Throughout history, Christians have had varying interpretations of Judas’ betrayal and what role it played in salvation:

  • Betrayal was necessary – Some believe Judas’ betrayal was foreordained by God and necessary to facilitate Jesus’ crucifixion and resurrection for humankind’s salvation.
  • Judas is the embodiment of evil – Others depict Judas as the quintessential personification of evil, greed, and deception.
  • Judas regretted his actions – Some scripts suggest Judas regretted his betrayal, attempted to return the silver, and committed suicide out of remorse.

While Judas is almost universally reviled for his betrayal, there is no consensus within Christianity on the implications of his actions with regards to free will, predestination, damnation, and redemption.

Judas’ Enduring Legacy as History’s Most Infamous Betrayer

Judas’ betrayal of Jesus led to his enduring legacy as one of history’s most infamous traitors. Some key reasons why Judas’ name has become synonymous with ideas of deceit and treachery include:

Betrayal of an innocent man Judas helped arrange Jesus’ arrest and crucifixion despite his innocence.

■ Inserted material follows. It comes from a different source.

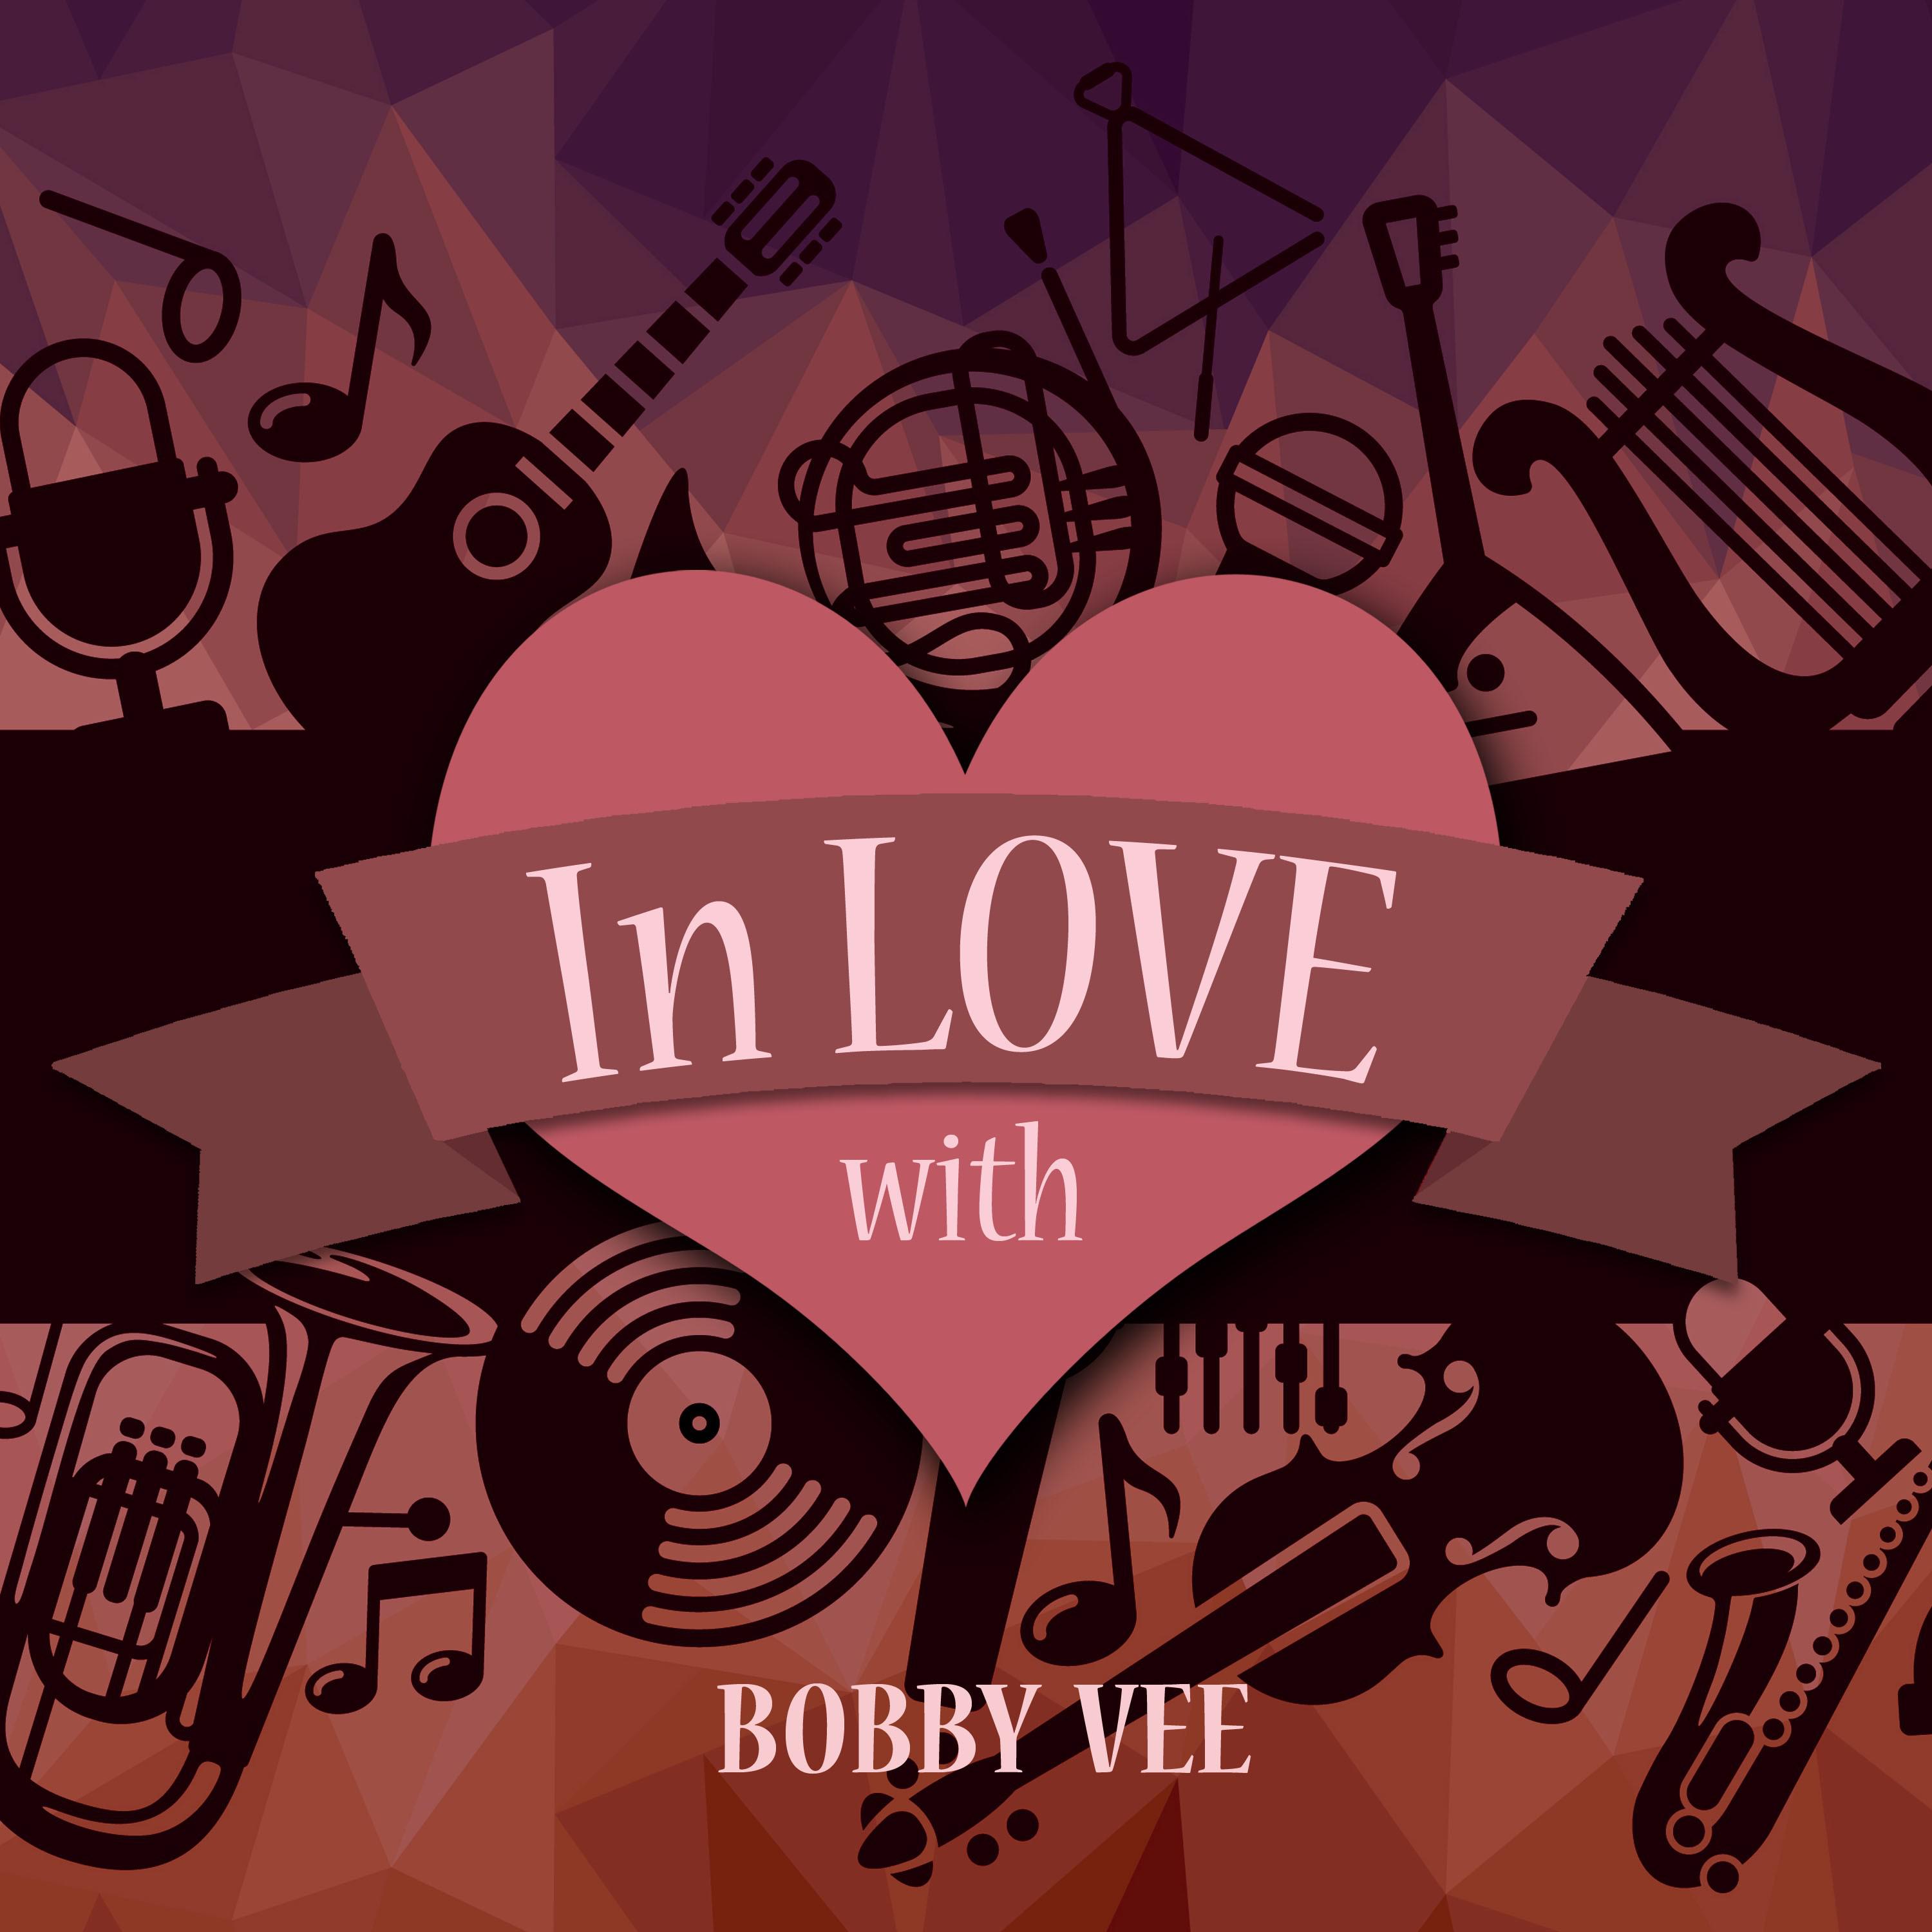 In Love with Bobby Vee

This injustice amplifies Judas’ villainous deception in the eyes of history.
Close relationship with victim As one of Jesus’ 12 disciples and trusted followers for three years, Judas’ betrayal contradicts expectations of loyalty among close associates.
Central role in pivotal moment By initiating the chain of events leading to Jesus’ death, Judas played an instrumental part in a crucial moment that shapes biblical history.
Enrichment from victim’s demise By profiting from his betrayal with 30 silver coins, Judas gained financially from Jesus’ arrest, adding a layer of greedy self-interest.

The fame of Jesus himself also compounds attention on Judas’ infamous deed. Overall, these factors explain why Judas remains fixed in history as the ultimate betrayer.


While Judas Iscariot is the only disciple clearly identified in the Bible as betraying Jesus directly, the messier reality is that Jesus’ closest followers responded to his arrest with fear, doubt, and even denial of their affiliation to him.

Judas played the lead role in handing Jesus over to the authorities, yet the other disciples inadvertently contributed through their actions. The debate continues today over why Judas betrayed his teacher, as Christians struggle to make sense of this heartbreaking story of disloyalty at the very heart of the Passion narrative.